By any standard of civilised countries with a real public health system, it’s regressive, since there is no universally available public option – indeed the system herds people into private insurance schemes.
But crucially there will be price controls on the insurers, a provision to ban exclusion on the grounds of pre-existing conditions, a carry-over of people’s work-based healthcare when they lose or change jobs, and an extension of work-based healthcare. Within the conditions he had to work with, Obama has – if the bill passes – achieved a vast reduction in unnecessary suffering within the US. (As an added bonus it also reforms the iniquitous student loans scheme that leaves people in debt for decades.)
The Right are going nuts about it of course. If you want to read something really funny, go to the National Review‘s ‘The Corner’ blog, where insanity is in full flight. Quite aside from their fantasy about this being ‘socialism’, their obsessive focus on abortion, not because they care about humans, but because they simply want to control some abstract notion of life, and how it is disciplined and regulated.
Amazing really. They couldn’t care if the poor died in the casualty wards, but they’re pro-life.
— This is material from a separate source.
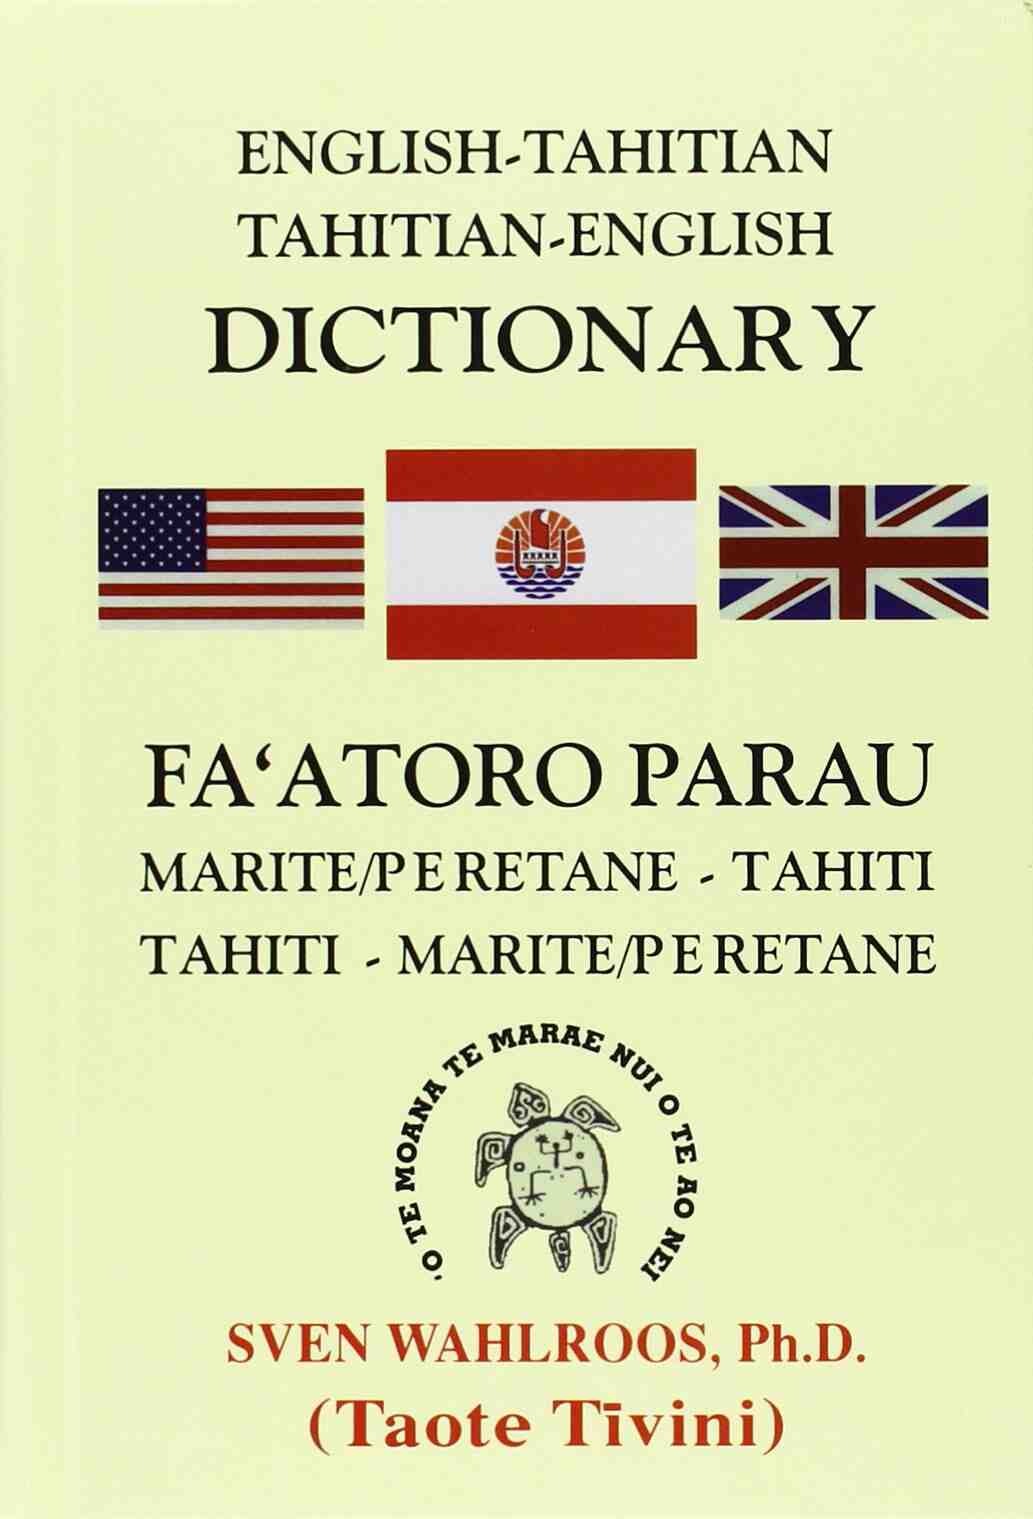 Galeria de Imagens 4: Que língua é falada no Tahiti?

Dumb f-ckers.
Nevertheless Mark Steyn’s despairing cry has it about spot-on:
“…it’s hard to overestimate the magnitude of what the Democrats have accomplished. Whatever is in the bill is an intermediate stage: as the graph posted earlier shows, the governmentalization of health care will accelerate, private insurers will no longer be free to be “insurers” in any meaningful sense of that term (ie, evaluators of risk), and once that’s clear we’ll be on the fast track to Obama’s desired destination of single payer as a fait accomplis.”
If Barack Obama does nothing else in his term in office, this will make him one of the most consequential presidents in history. It’s a huge transformative event in Americans’ view of themselves and of the role of government.”
And why would that be a bad thing?
“…one of the first things that middle-rank powers abandon once they go down this road is a global military capability …”
That’s right. Extending health-care will make it harder to find the money to go and kill people elsewhere. The Right, ladies and gentlemen…the party of death over life.
They’re still debating the bill, in that curious American way, of two minutes for each speaker, etc. There’s a chance this won’t go through, and that a switcheroo is on the way. But barring that, American society is about to change about as momentously as is possible within the fractured, corrupt system of government they’re saddled with.
And below in the karaoke bar, they’re singing U2’s One. Again. And everyone out there in the street will get whatever care they need, whenever they need it, and no questions asked.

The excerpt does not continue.